Systematic investigation of Iranian Vacuum Bottom hydrodenitrogenation to produce clean fuel oil for marine transportation

Recent environmental regulations have urged refiners to decrease NO_x emissions related to fuels particularly used in marine transportation. To this, hydrodenitrogenation (HDN) of Iranian Vacuum Bottom (IVB), as one of the most abundant but problematic effluents of Iranian refineries used for marine applications, was evaluated for the very first time via batch hydrotreating procedure over a commercial NiMo catalyst.

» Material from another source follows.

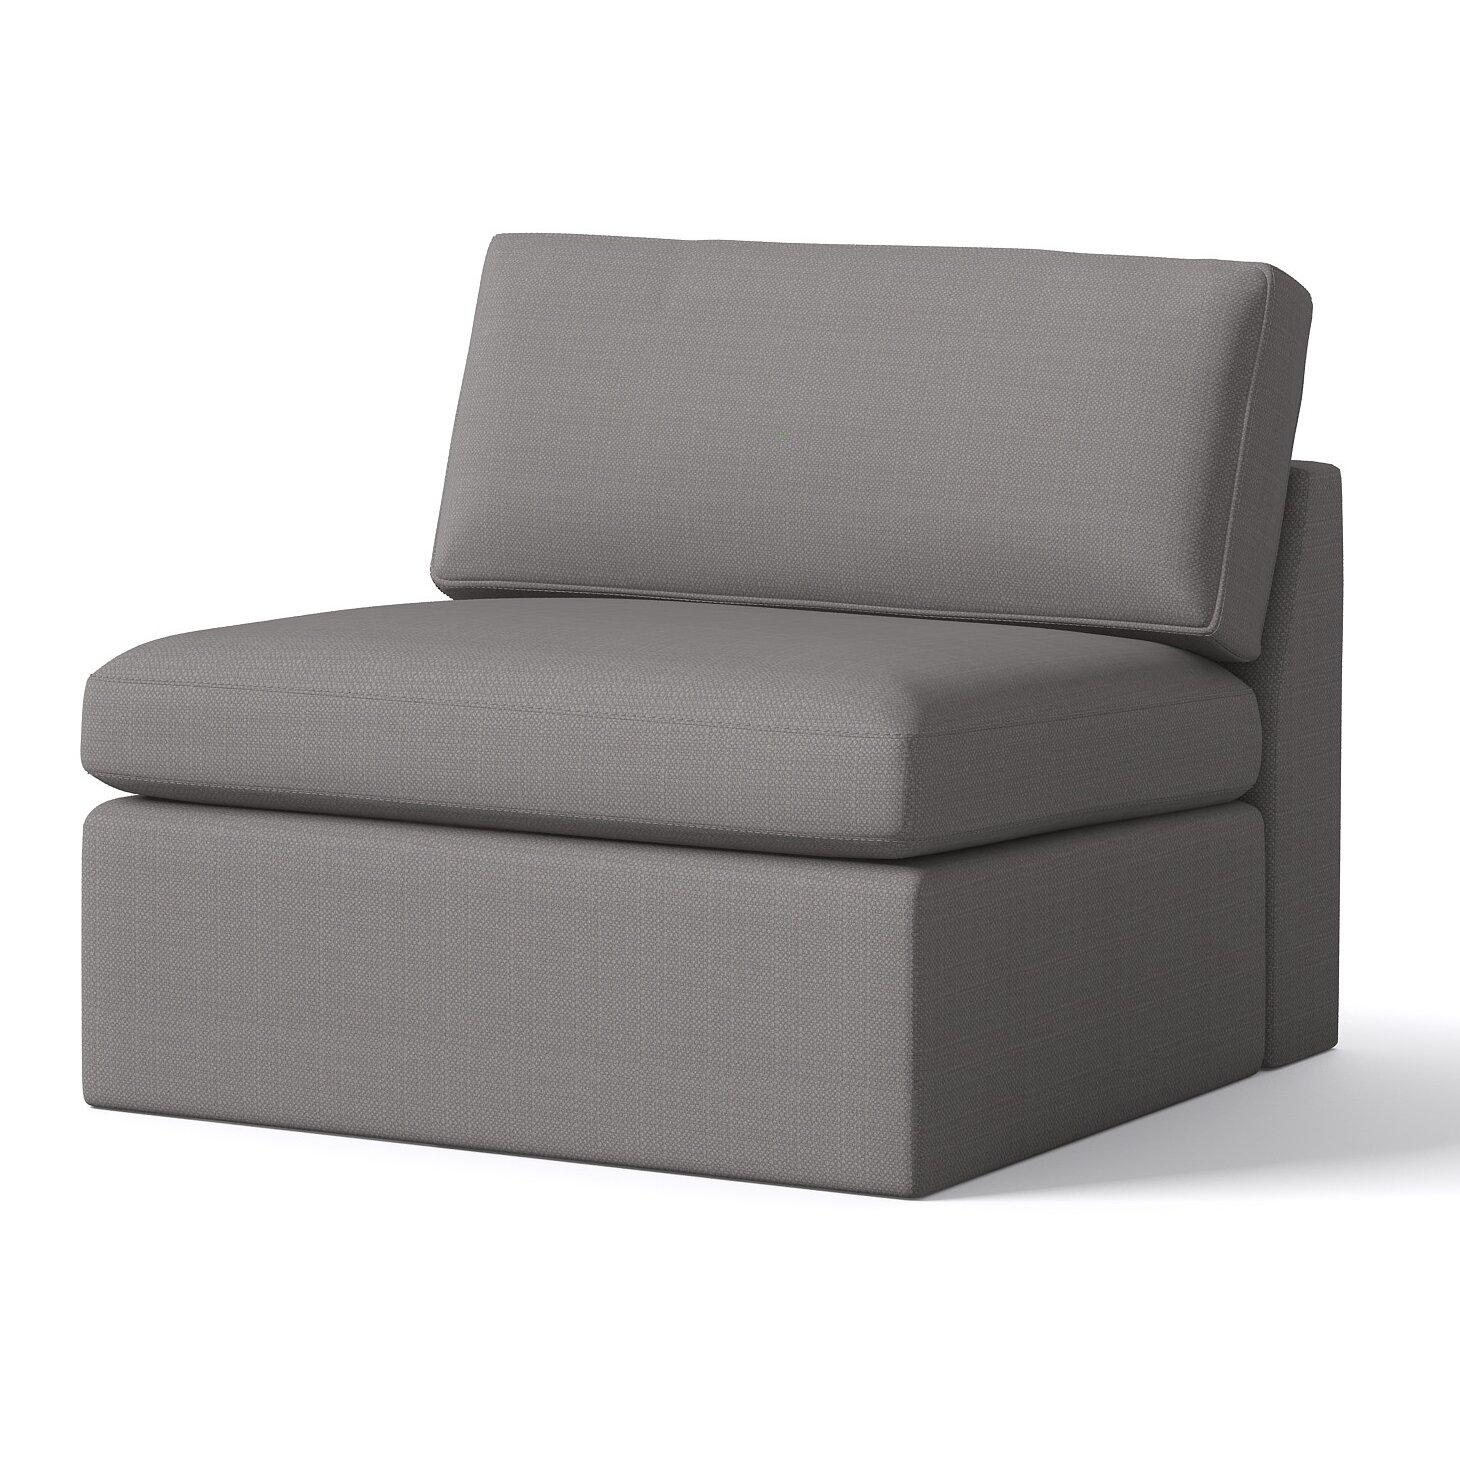 Truemodern marfa side chair wayfair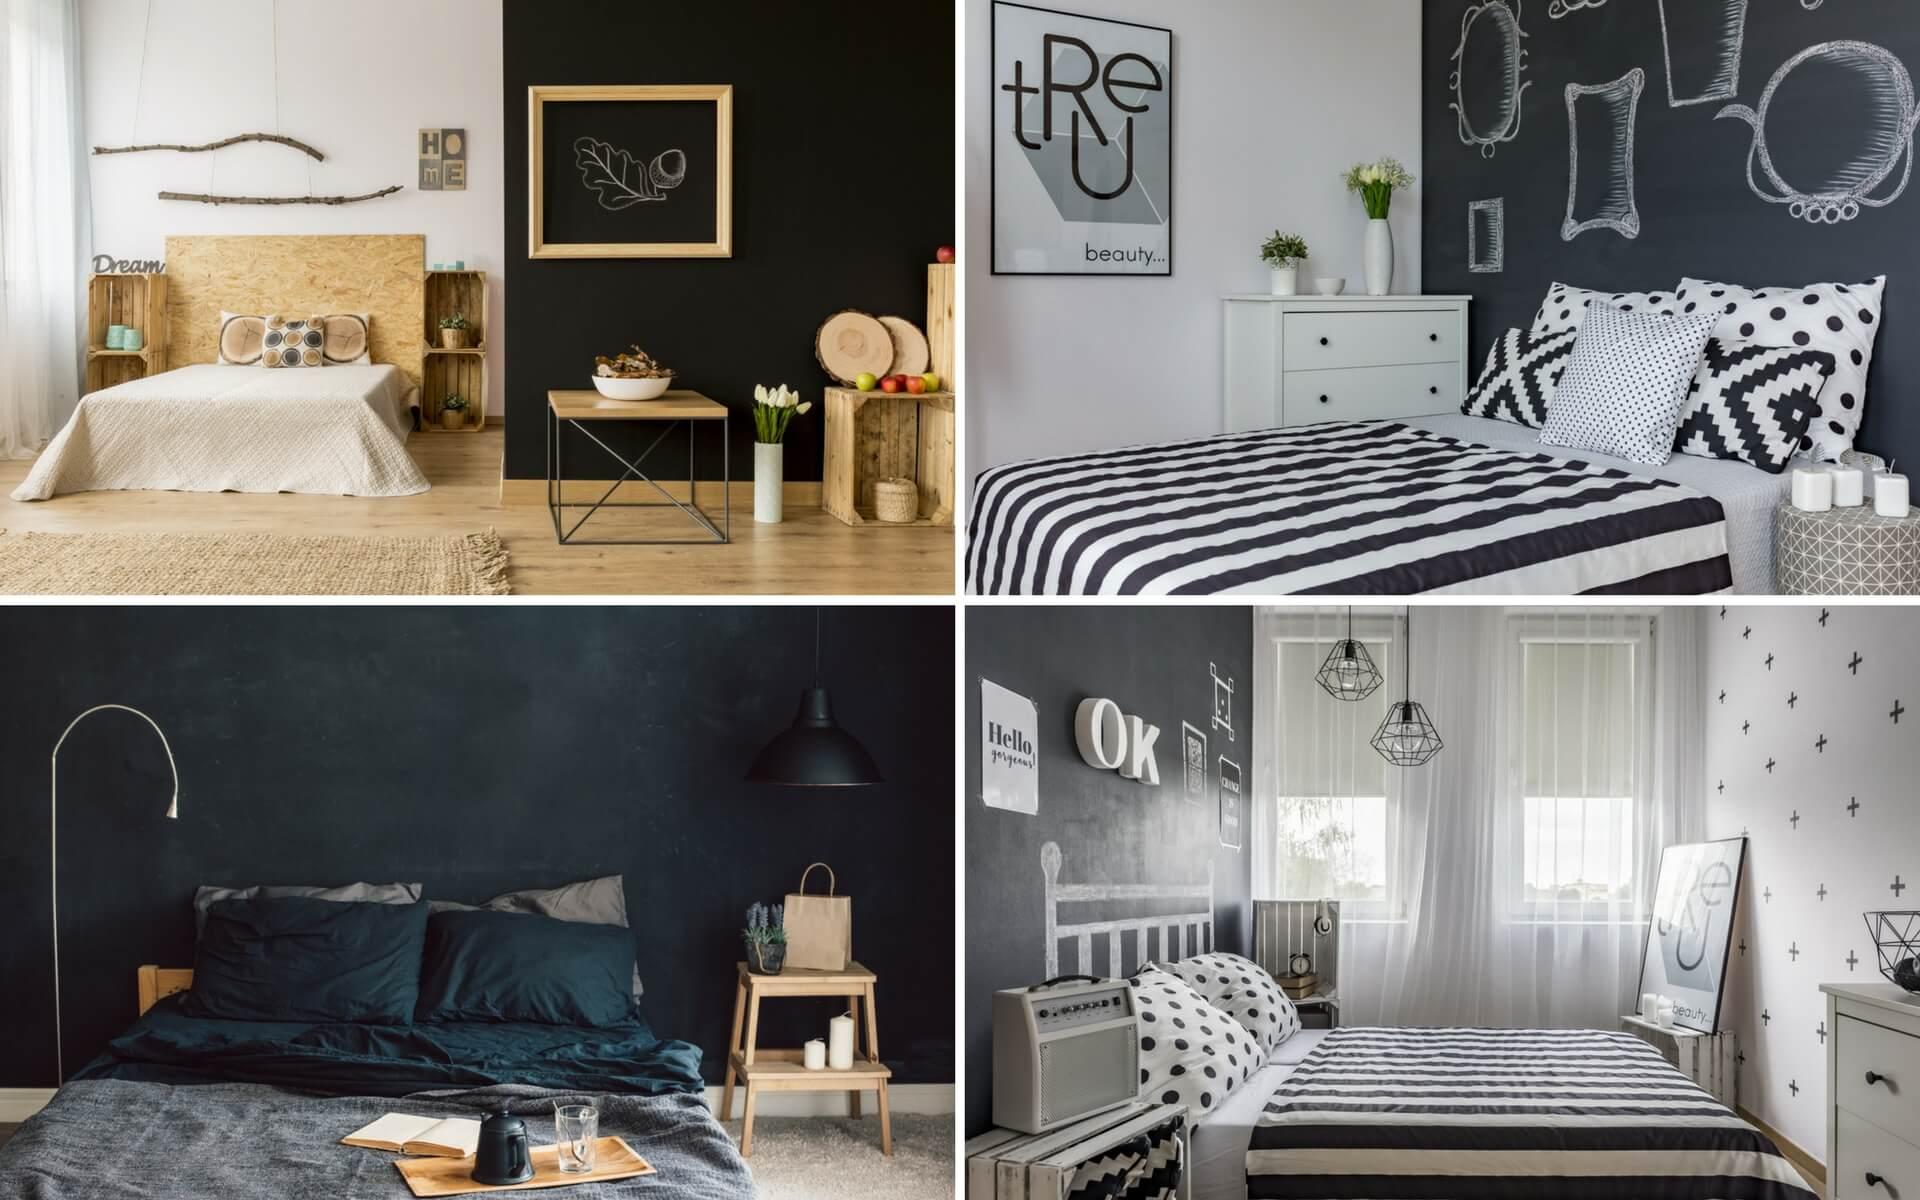 Pareti Di Lavagna : Decorare le pareti con vernice lavagna oknoplast

First, the feed material's physicochemical properties were fully analyzed using several analytic techniques such as CHNS, micro-carbon residue, and TGA. Process chemistry of the HDN and mild hydrocracking (MHC) processes was studied systematically following an L₉-assisted design of experiment (Taguchi method) whereby temperature (350–410 °C), reaction time (1–3 h), oil content:catalyst ratio (1.5–2.5), and H₂ initial pressure (3.0–7.0 MPa) were considered as control factors. Adding to the highly pre-pressurized medium (H₂ initial pressure of 7.0 MPa) at elevated temperature (410 °C) as the most favorable condition for HDN and MHC reactions, results also highlighted a few critical interactions between the operating variables. The key was simultaneous saturation and decomposition of the highly aromatic nature of IVB, under which 65.3% of nitrogen impurities were taken out of the feed’s recalcitrant network. Notably, we took advantage of some well-known analytic techniques like Sim Dis and GC–MS to shed light on the origin of the N-containing compounds in the feed material and physicochemical characteristics of liquid products. These fuel-related analyses provided us a deeper look into the process chemistry using thermodynamic and kinetic backgrounds.